Bobbie O’Steen is a New York-based writer who has been immersed in the world of film editing all her life.

She first developed a love for movies watching her father, film editor Richard C. Meyer (Butch Cassidy and the Sundance Kid).  After earning a degree in anthropology at Stanford University, she went on to work as a story editor and film editor (Straight Time, Tess). Following an Emmy® nomination in editing for the television movie Best Little Girl in the World, she began to write about the invisible art.

Bobbie first wrote about film with her late husband and colleague, Sam O’Steen, the legendary Oscar-nominated film editor in Cut To The Chase: 45 Years of Editing America’s Favorite Movies (2002), filled with candid stories from the cutting room and behind the scenes on some of the most influential movies in motion picture history.  Sam O’Steen was one of Hollywood’s most distinguished film editors who worked with directors Mike Nichols, Roman Polanski and many others during what is now referred to as the “Golden Age.”

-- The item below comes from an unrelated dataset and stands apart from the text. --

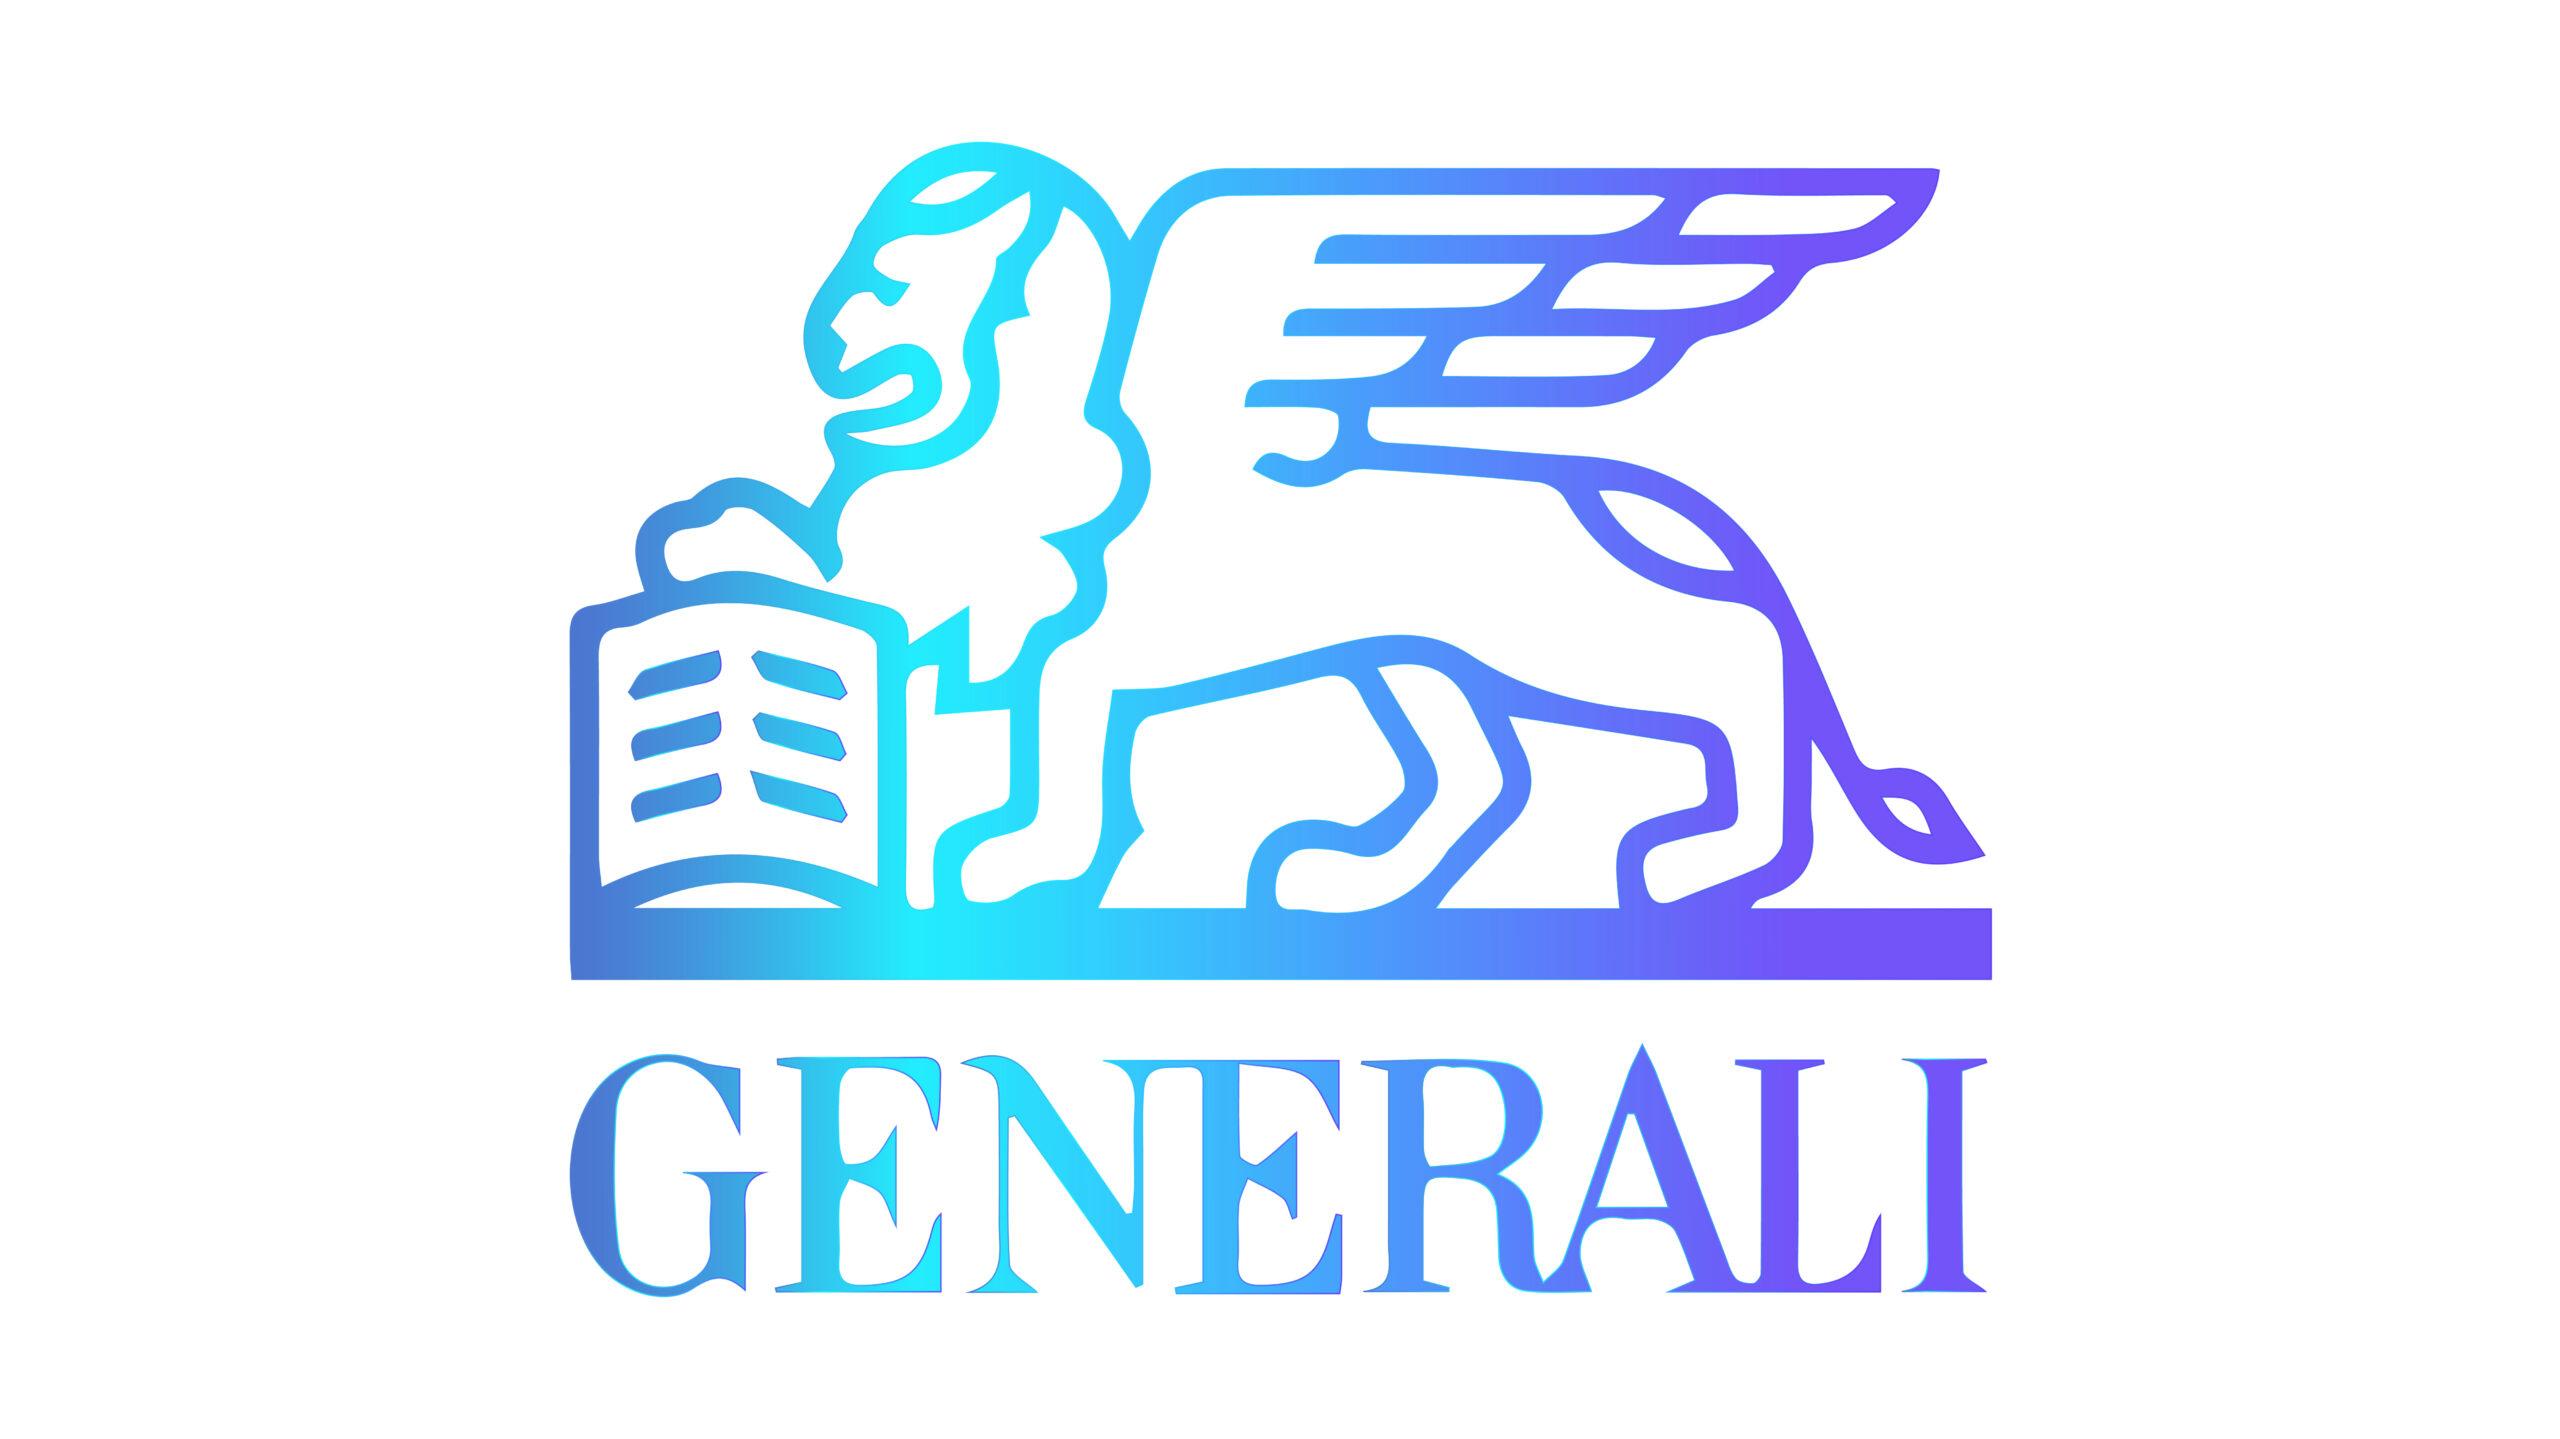 Generali планирует купить российского страховщика

In her latest book published in 2009, The Invisible Cut:  How Editors Make Movie Magic, Bobbie uses frame grabs of actual cuts from classic movie scenes (Body Heat, Twelve Angry Men, Rear Window and The French Connection) to get deep inside the mind of the film editor and explain how the mysterious art is actually done.

In addition to moderating EditFest panels on both coasts, O’Steen is a regular contributor to film periodicals and frequent guest on radio and podcasts about the  art of editing. In 2010, she created a new series of public events that elucidates the editor’s work to film going audiences at venues like 92YTribeca and UCLA’s Billy Wilder Theater where she conducts in-depth discussion with esteemed film editors and screens award-winning movies.

“Editing is not only an under-appreciated art, it is in great need of explanation,” says Bobbie O’Steen, who passionately believes in elevating the role and contributions of the editor to the greatest extent possible. She continues to teach, write and speak about editing, forever on a mission to create a deeper understanding of the invisible art for filmmakers, peers and the audience.